I now have the pleasant task of suggesting the following to take on this challenge.  As ever it’s a feel free to pass sort of challenge but I do love these bloggers and I do think they would do the challenge great justice.  Take a look at them and those that suggested me, they are all praiseworthy.

Poshbirdy in Quillan – Feisty and funny writing of the feast and famine of renovating a house in France

Not the Average Mama – certainly not average this is a wonderful blog written by a remarkable stepmother

Write on the Beach – a brilliant writer whose stories of England and France are truly compelling

For the trees have no tongues

Emotography …. I have Claudette at  ‘To Search and to Find’ (strapline ‘happiness in every day’ which I love) to thank for Emotography.  Its so alluringly simple …. post a picture, link to her site so she can include it in her gallery of the week and give, in as many or as few words as your mood dictates, the emotion that prompted the picture or that you felt when you saw the result.

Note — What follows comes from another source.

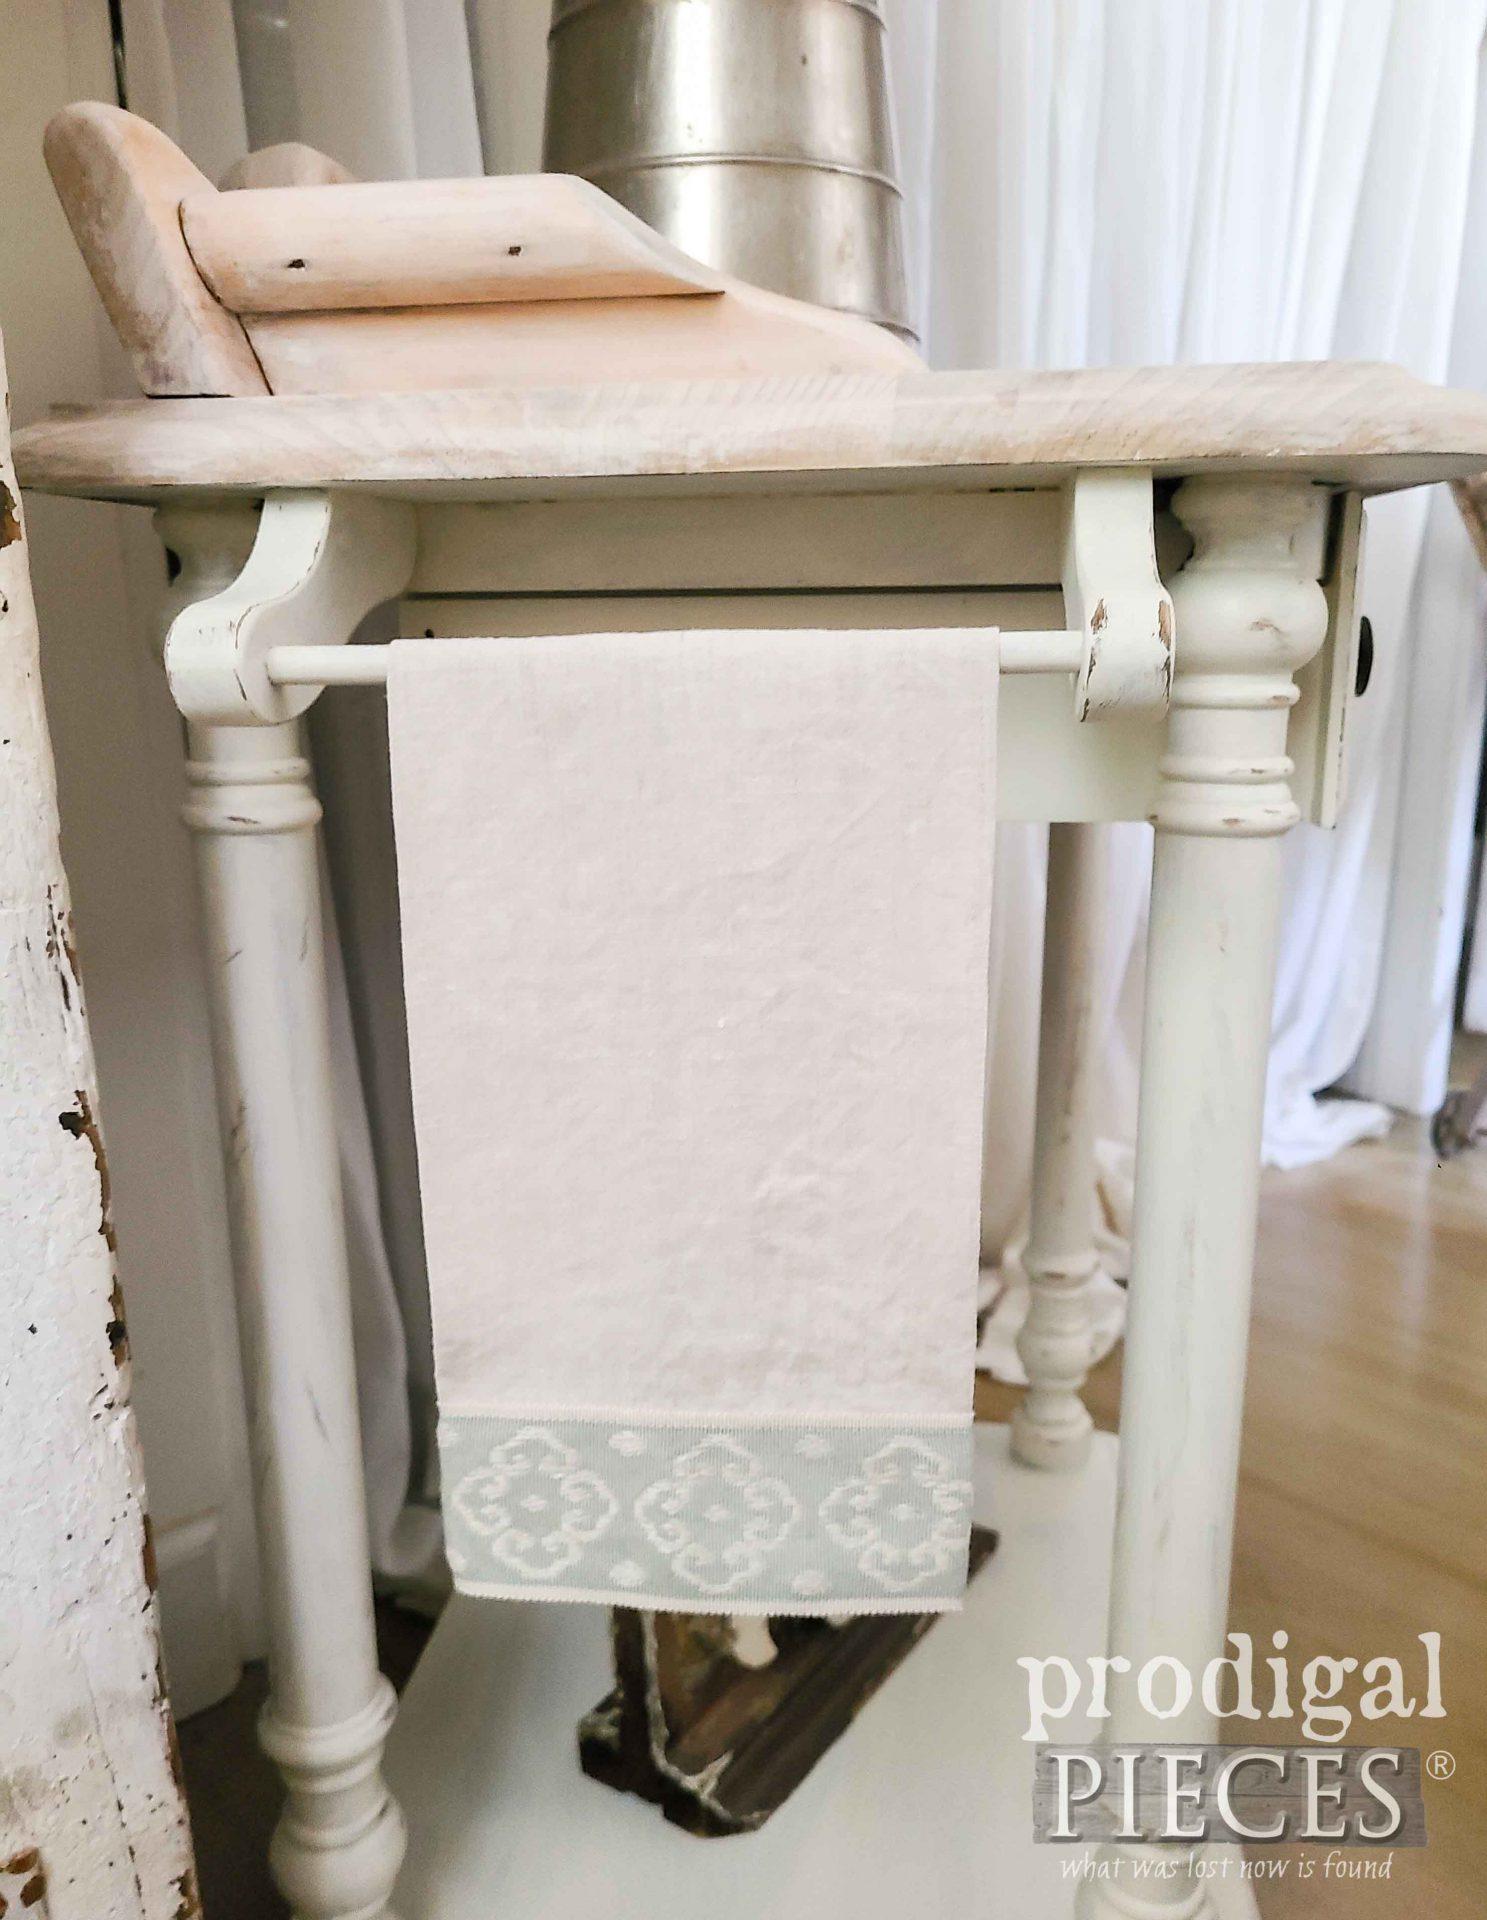 Handmade Linen Towel by Larissa of Prodigal Pieces | prodigalpieces.com #prodigalpieces #handmade #linen #farmhouse #home

For me today it is HOPE.  When I came upon this scene at Vaughn Hill, Bolton here in Massachusetts it shouted of The Lorax, my favourite of Dr Seuss’s extraordinary catalogue of books read to me as a small child despite being non-American because we had best friends from Boston – he, Hoops,  an English professor she, Betty,  once legendarily said to me, when I was denuding her greengage tree of fruit ‘see how Hoops just bleeeends with the waaaallpaper’ causing me, a gauche English girl to nearly drop plum straight out of the tree so irreverently funny was the image of this studious professor simply a disembodied head, his shirt of palest apricot blending with the silken walls of their drawing room.  The Lorax is a classic.  And of course I read it in turn to my own children.  It co-exists as a children’s classic with  ‘Winnie the Pooh’ and ‘Charlie and the Chocolate Factory’, it stands with ‘The Wind in The Willows’ and so many others here un-named as the finest books to read to children and for children to read.  But the message – the message is clear to us all.  Children and adults alike.  These dry lifeless trees standing defiantly in the water, for all the world like the Truffala’s in The Lorax remind me and should remind us all that we must protect what we have.  Be it from feisty little worms (to which these trees have succumbed) or to the greed of industrialists making their own version of Thneeds.   I have hope that we will.  Because we can.  If we will.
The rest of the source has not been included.